Gynecol Obstet Fertil Senol. 2020 Mar;48(3):223-235. doi: 10.1016/j.gofs.2020.01.022. Epub 2020 Jan 28.

Abstract

This work was carried out under the aegis of the CNGOF (Collège national des gynécologues et obstétriciens français) and proposes guidelines based on the evidence available in the literature. The objective was to define the diagnostic and surgical management strategy, the fertility preservation and surveillance strategy in Borderline Ovarian Tumor (BOT). No screening modality can be proposed in the general population. An expert pathological review is recommended in case of doubt concerning the borderline nature, the histological subtype, the invasive nature of the implant, for all micropapillary/cribriform serous BOT or in the presence of peritoneal implants, and for all mucinous or clear cell tumors (grade C). Macroscopic MRI analysis should be performed to differentiate the different subtypes of BOT: serous, seromucinous and mucinous (intestinal type) (grade C). If preoperative biomarkers are normal, follow up of biomarkers is not recommended (grade C). In cases of bilateral early serous BOT with a desire to preserve fertility and/or endocrine function, it is recommended to perform a bilateral cystectomy if possible (grade B). In case of early mucinous BOT, with a desire to preserve fertility and/or endocrine function, it is recommended to perform a unilateral adnexectomy (grade C). Secondary surgical staging is recommended in case of serous BOT with micropapillary appearance and uncomplete inspection of the abdominal cavity during initial surgery (grade C). For early-stage serous or mucinous BOT, it is not recommended to perform a systematic hysterectomy (grade C).
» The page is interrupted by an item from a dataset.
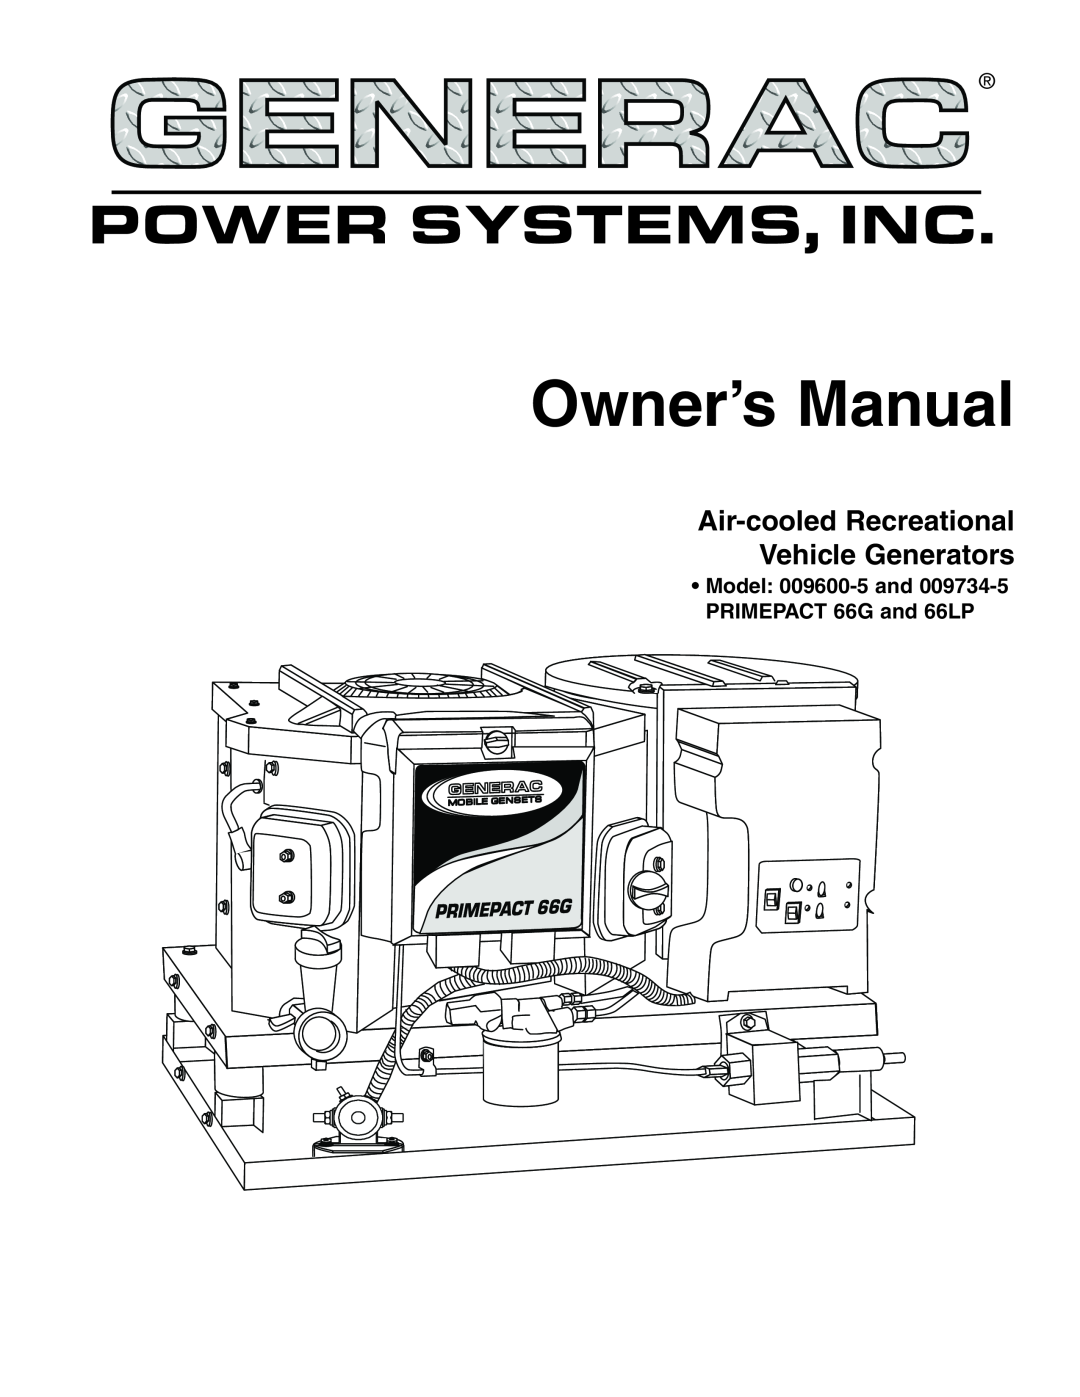 Generac Power Systems 009600-5, 009734-5 owner manual Model 009600-5and PRIMEPACT 66G and 66LP, Owner’s Manual

Follow up after BOT must be pursued for more than 5 years (grade B). Conservative treatment involving at least the conservation of the uterus and a fragment of the ovary in a patient wishing to conceive may be proposed in advanced stages of BOT (grade C). A new surgical treatment that preserves fertility after a first non-invasive recurrence may be proposed in women of childbearing age (grade C). It is recommended to offer a specialized consultation for Reproductive Medicine when diagnosing BOT in a woman of childbearing age. Hormonal contraceptive use after serous or mucinous BOT is not contraindicated (grade C).

摘要

本研究在法国国家妇产科医师学会(CNGOF)的支持下开展,并根据文献中的现有证据提出指南。目的是确定卵巢交界性肿瘤(BOT)的诊断和手术管理策略、生育力保留和监测策略。一般人群中不建议进行筛查。对于交界性性质、组织学亚型、种植灶的浸润性存在疑问的情况,所有微乳头/筛状浆液性BOT、存在腹膜种植灶的情况以及所有黏液性或透明细胞肿瘤(C级),建议进行专家病理复查。应进行宏观MRI分析以区分BOT的不同亚型:浆液性、浆液黏液性和黏液性(肠型)(C级)。如果术前生物标志物正常,不建议进行生物标志物随访(C级)。对于双侧早期浆液性BOT且希望保留生育力和/或内分泌功能的患者,若可能建议行双侧囊肿切除术(B级)。对于早期黏液性BOT且希望保留生育力和/或内分泌功能的患者,建议行单侧附件切除术(C级)。对于微乳头外观的浆液性BOT且初次手术时腹腔检查不完整的情况,建议进行二次手术分期(C级)。对于早期浆液性或黏液性BOT,不建议进行系统性子宫切除术(C级)。BOT术后随访必须持续5年以上(B级)。对于处于BOT晚期且希望怀孕的患者,可考虑至少保留子宫和部分卵巢的保守治疗(C级)。对于育龄期女性首次非侵袭性复发后,可考虑一种保留生育力的新手术治疗方法(C级)。对于育龄期女性诊断为BOT时,建议提供生殖医学专科咨询。浆液性或黏液性BOT后使用激素避孕无禁忌(C级)。